Artificial neural network
categorization of speech fluency measures across speech disorders
By A.P. Salvatore, M. Cannito, A Biswas, R. Ingham,
B.K. Bender, and B Manriquez
This project investigated the
patterns of speech fluency behavior found in five normal, five spasmodic
dysphonic, and five stuttering speakers through the application of
unsupervised, self-organizing artificial neural-network (ANN) techniques. This
investigation developed an evolving ANN model to describe the relationships
present in speech samples based upon a reading of the Rainbow Passage.
Historically, clinical judgment of voice and speech status is based upon
training provided under the tutelage of an expert, experience, and statistical
data. Training acquired under the tutelage of an expert has the potential for
bias. Also the use of statistical methods may not be appropriate for assessing
multidimensional, dynamic and non-linear data such as speech fluency measures.

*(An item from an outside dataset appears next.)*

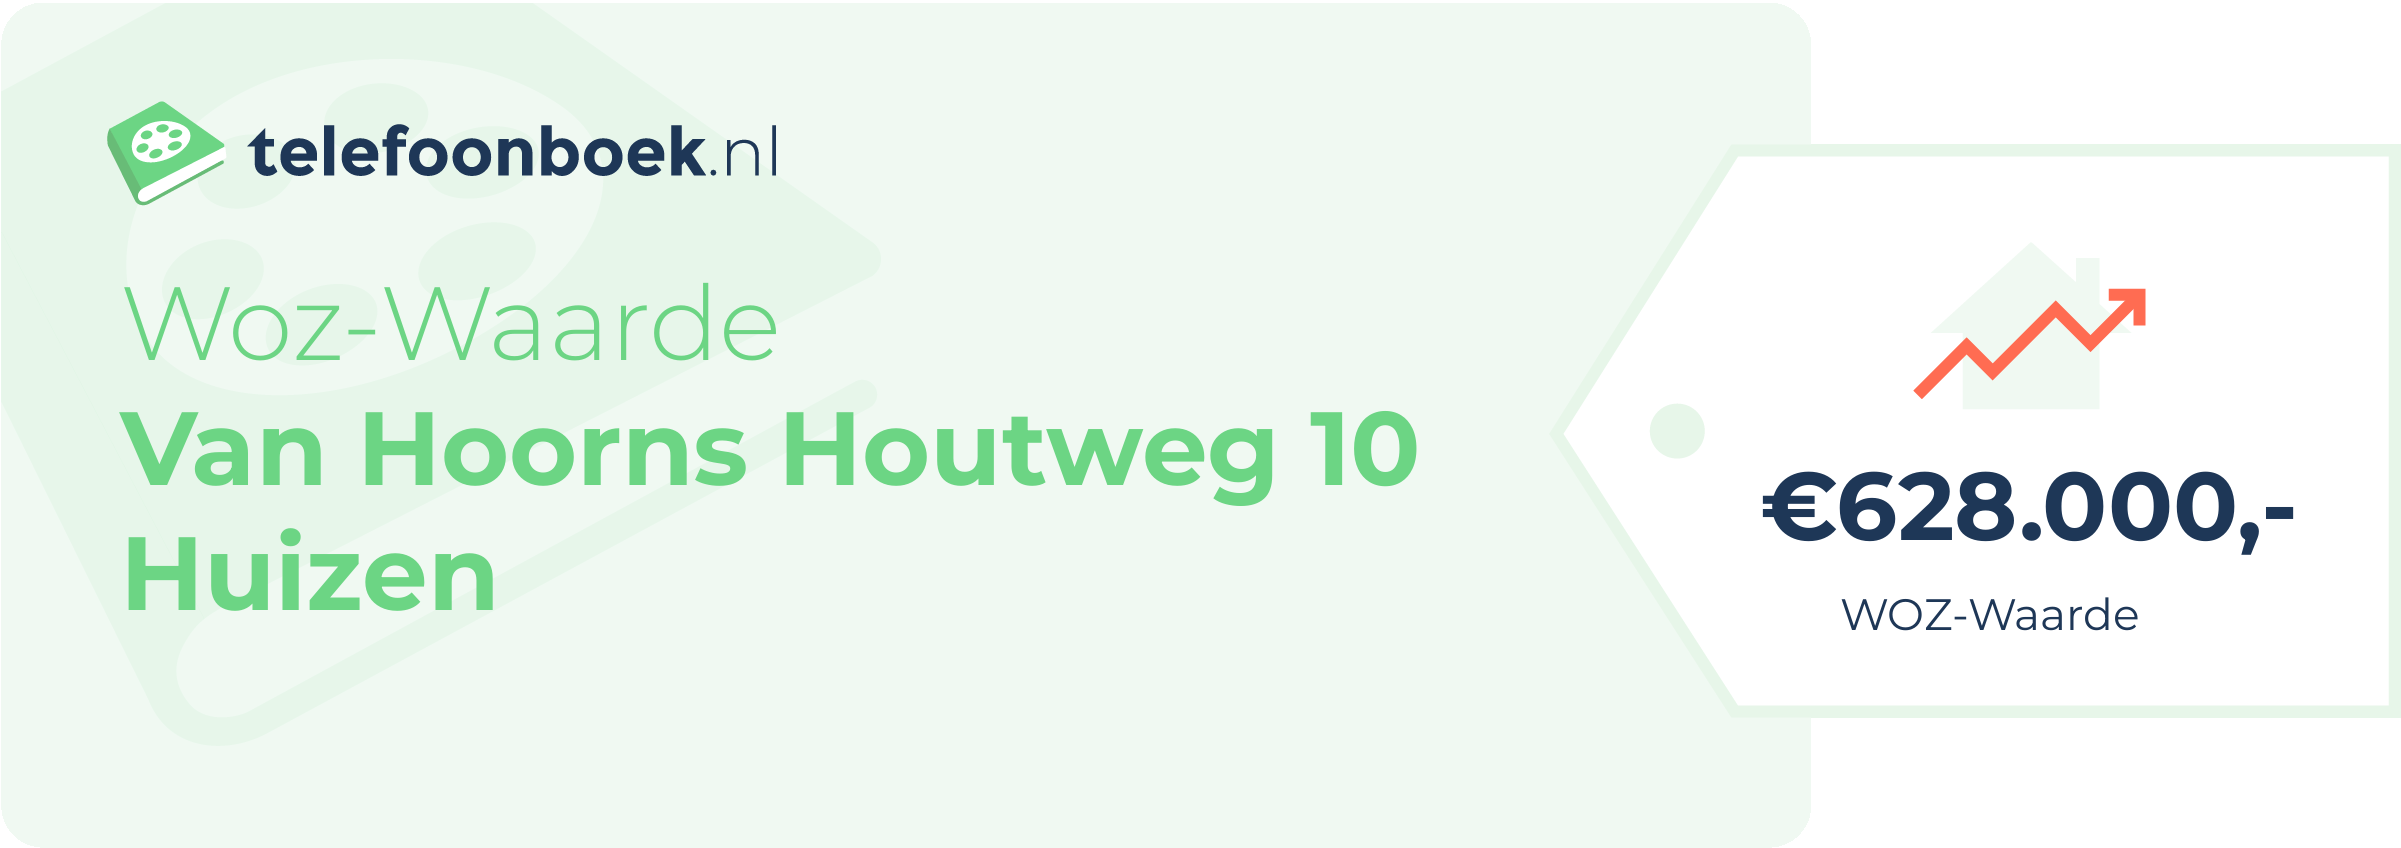 WOZ-waarde Van Hoorns Houtweg 10 Huizen

The identification of common speech fluency patterns across different clinical
diagnostic groups of patients may be instructive in developing efficacious
clinical training materials and procedures. The current on-going investigation
indicates that a trained neural network can accurately categorize speech
samples collected from the above three groups of participants. This
investigation provides insights into the nature of normal and pathological
voice/speech disfluency, and the identification of
subtypes of speakers not previously appreciated.